Quantitative analysis using calibration devices, such as wires and catheters with markers at known intervals, should become routine. When results are equivocal, endovascular ultrasonography should be contemplated. Such methods will produce much more accurate luminal measurements. The “eye-balling” technique for estimating vessel diameter is simply not sufficiently precise, especially in cases in which extensive disease has reduced the vessel lumen diameter available for device placement. Moreover, even when vessels are measured using the software built into many angiographic systems, the results can be erroneous if calibration against a known reference length is not performed (Figure 1).

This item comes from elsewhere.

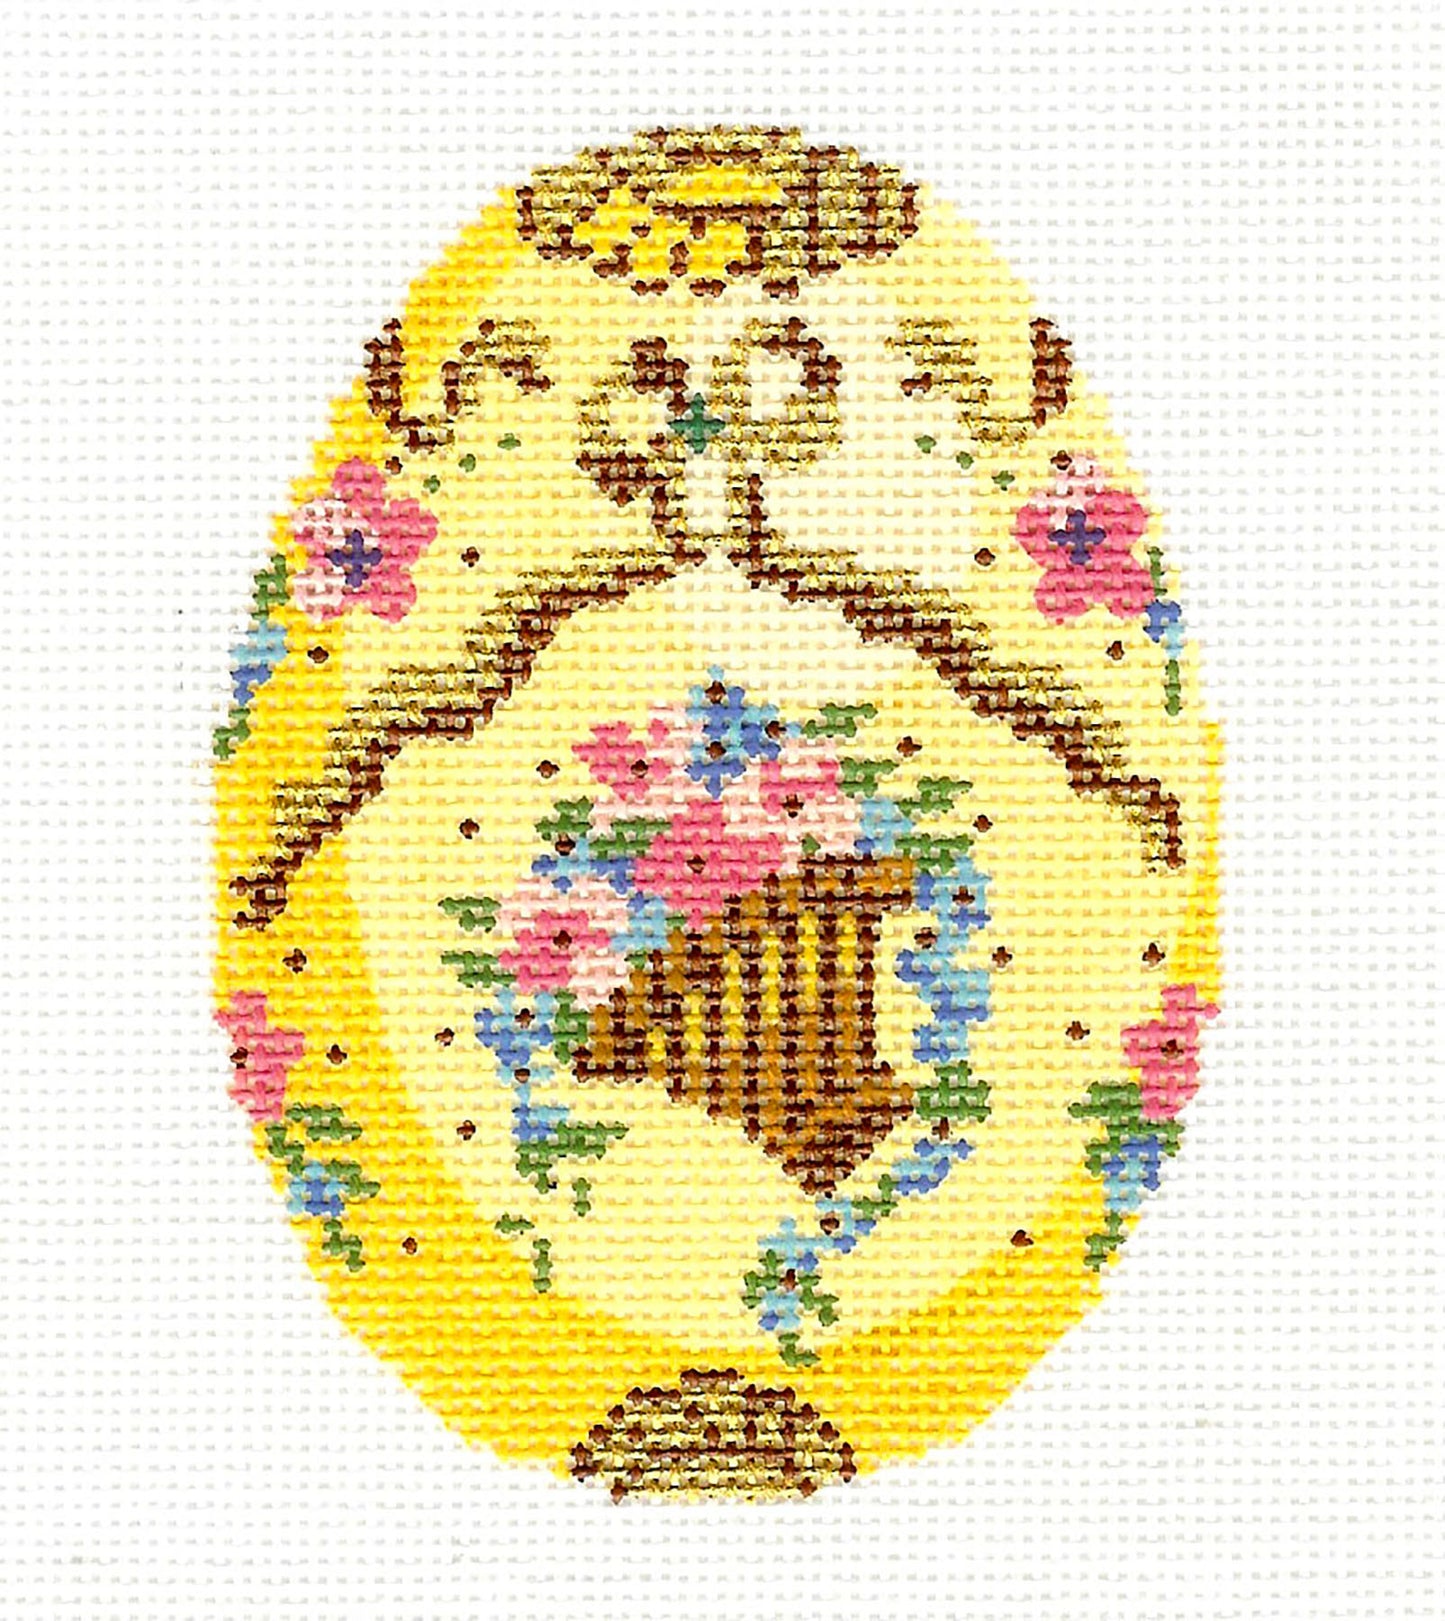 Faberge Egg ~ Jeweled EASTER BASKET Faberge EGG 18 Mesh handpainted Needlepoint Canvas by LEE
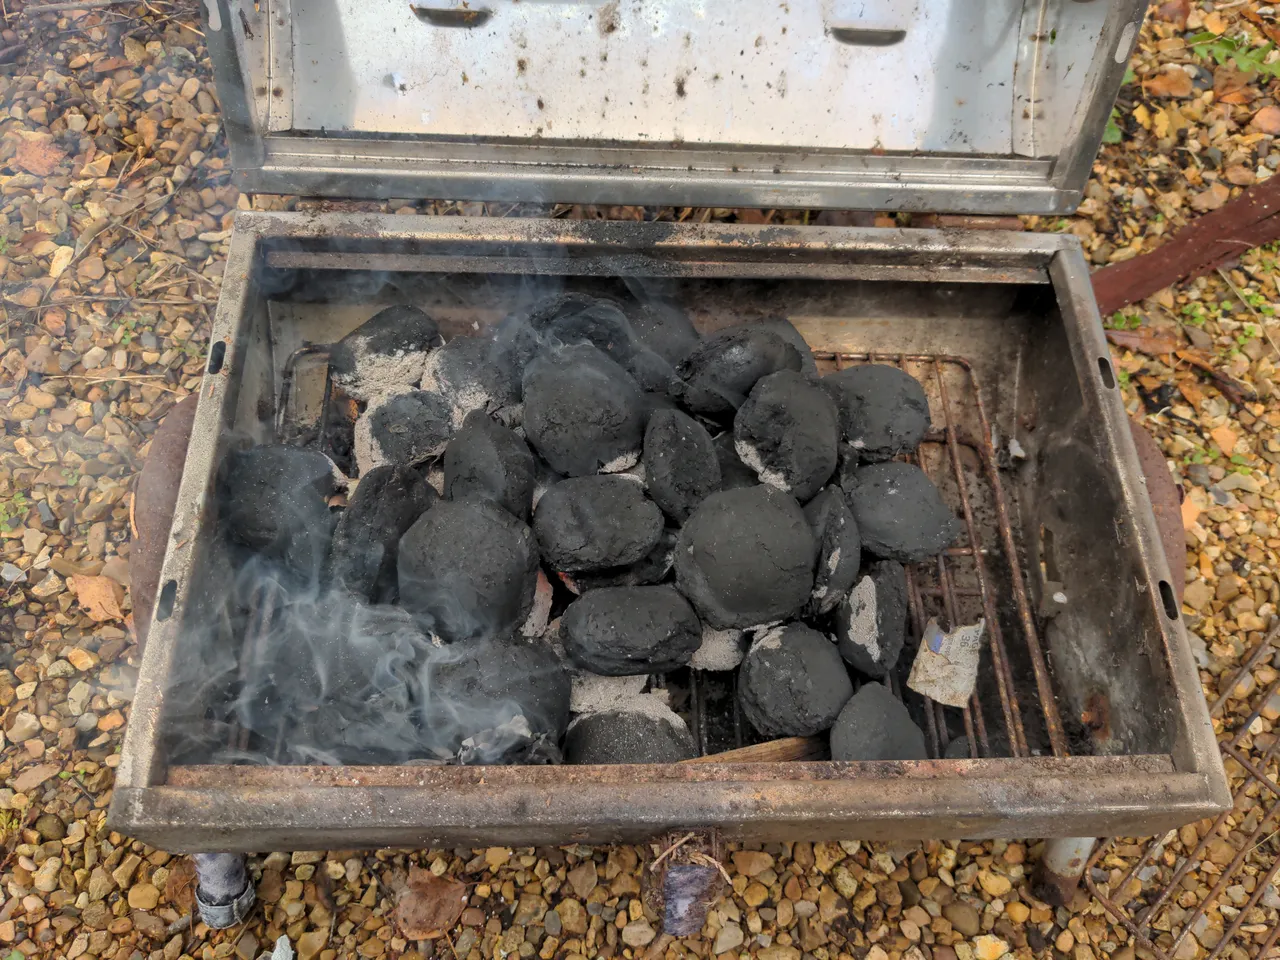 A small barbecue, with some charcoal that has started to turn grey.

Measuring vessels can add additional rigor and time to an endovascular procedure, but the results of the VIPER trial leave little doubt that, at least for stent graft implantation, careful quantitative analysis can contribute to excellent outcomes. Trials evaluating the importance of device-to-vessel mismatch for other treatment modalities are needed. Until those studies are performed, I think that we are obligated to slow down a bit and try to be more accurate in estimating vessel size during any FPA intervention, even if this approach has the potential to improve patency and other outcomes only minimally. The cost of a wire with 1-cm markers and the 10 minutes that careful vessel sizing may add to a procedure are insignificant compared with the expenditure of resources, cost, and amount of patient distress associated with any reintervention. Peripheral interventionists, get out your measuring sticks!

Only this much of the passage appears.